# 1st Attempt at GLS, UGH!



## BusyHands (Feb 4, 2016)

This is not going to well. Trying to make GLS. It's been in the crock now for 4 (It was turned off) hours. I had to leave home, I came back did the zap test...... ZAP. Lol, 1st time for that. Ph strip reads 10, clarity test couldn't see through the side, but could see through to the bottom. So I just turned the crock back on warm. Can I salvage? Or should I just chunk it, I really need to get to bed.


----------



## IrishLass (Feb 4, 2016)

Just cover the pot and leave it alone (no heat). Check for zap tomorrow. Chances are good it will be perfectly fine.


IrishLass


----------



## BusyHands (Feb 4, 2016)

IrishLass said:


> Just cover the pot and leave it alone (no heat). Check for zap tomorrow. Chances are good it will be perfectly fine.
> 
> 
> IrishLass


Thank You!!!! Turned it off


----------



## Susie (Feb 4, 2016)

If you followed the YouTube video recipe, it is not the greatest recipe in the world.  I would suggest reading this:

http://www.soapmakingforum.com/showthread.php?t=46114


----------



## lsg (Feb 4, 2016)

I have to leave my GLS paste  for more than 24 hours sometimes before it is ready.


----------



## DeeAnna (Feb 4, 2016)

As if IL, Susie, and lsg aren't enough voices singing this song ... yeah, patience is a virtue with LS.


----------



## BusyHands (Feb 4, 2016)

Thanks everyone for the warm  & helpful replies. The videos make it seem so easy! But I guess when you've done it a "million" times it is. Here is the finished product, I'm not going to use it. I think I got "noid" this mooring. I couldn't tell if zapped or just tingled. Either way, I'm not comfortable using it. I diluted it a little when I got home & washed my hand with it. It felt weird to my skin. So, I will make another attempt hopefully tomorrow. I got air bubbles from to much stirring, I'm assuming. This was just a basic Liquid Castile Soap.


----------



## BusyHands (Feb 4, 2016)

Please excuse any misspelled words, I'm usually doing this from my phone.


----------



## Misschief (Feb 4, 2016)

Don't toss it yet... let it sit even longer. Honest, it does work.


----------



## BusyHands (Feb 4, 2016)

Misschief said:


> Don't toss it yet... let it sit even longer. Honest, it does work.

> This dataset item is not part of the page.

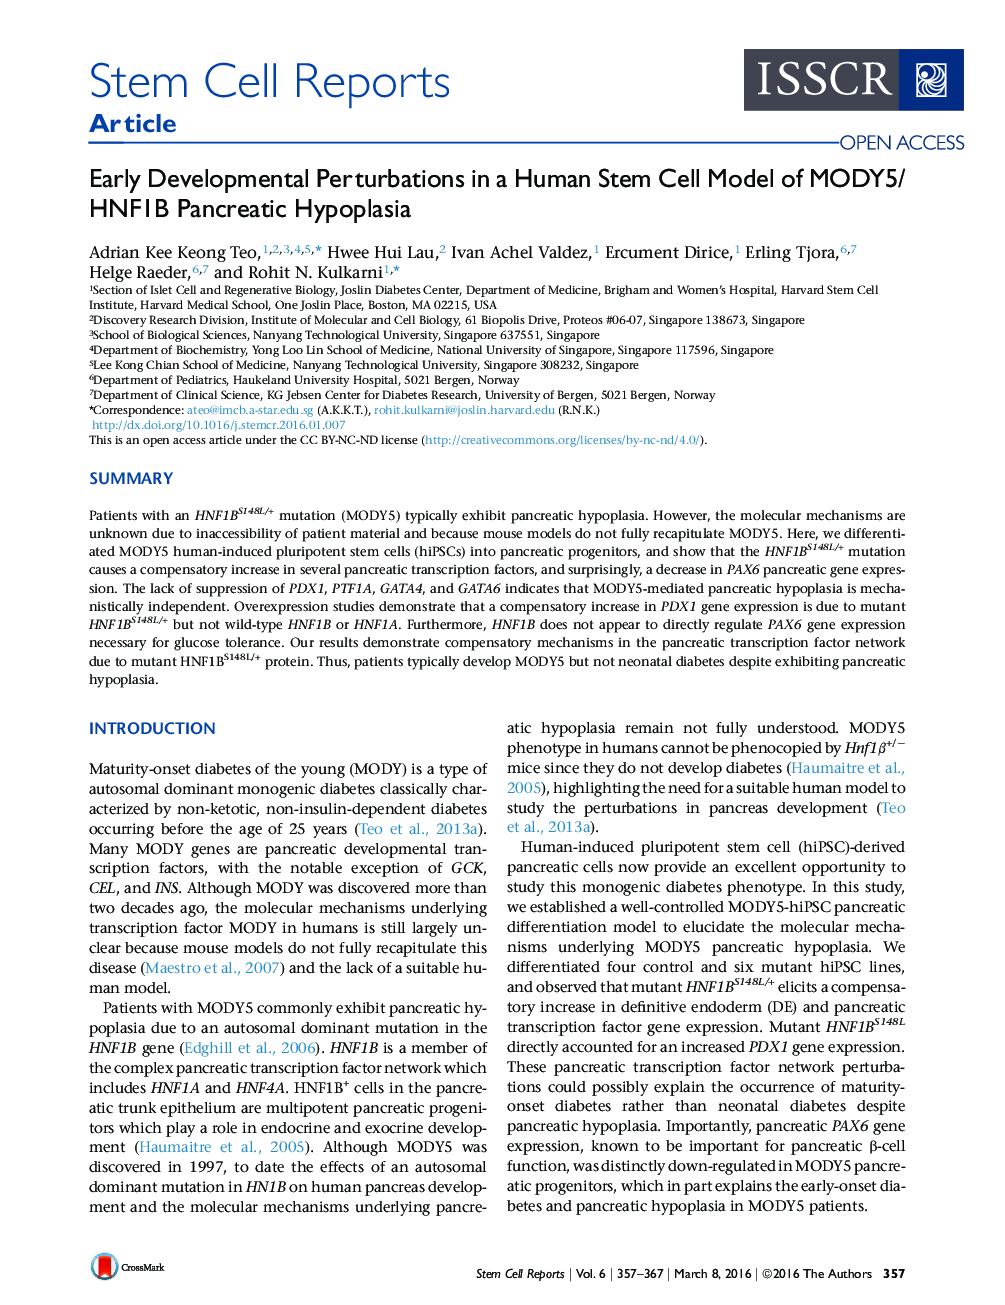 Early Developmental Perturbations in a Human Stem Cell Model of MODY5/HNF1B Pancreatic Hypoplasia

I'll hold on to the rest of it... I had already tossed some of it.


----------



## Misschief (Feb 4, 2016)

Just put it in the time out corner and ignore it.


----------



## BusyHands (Feb 4, 2016)

Misschief said:


> Just put it in the time out corner and ignore it.


Lol!!!! Will Do


----------



## Susie (Feb 4, 2016)

Seriously, don't throw it away!  Liquid soap paste will become zapless if given time.  Just let it sit.  

But, if you have to wonder if you were zapped, you weren't.


----------



## BusyHands (Feb 8, 2016)

Update...4-5 days later. Before & After pics. No zap & No  tingly sensation. Time to try attempt #2.


----------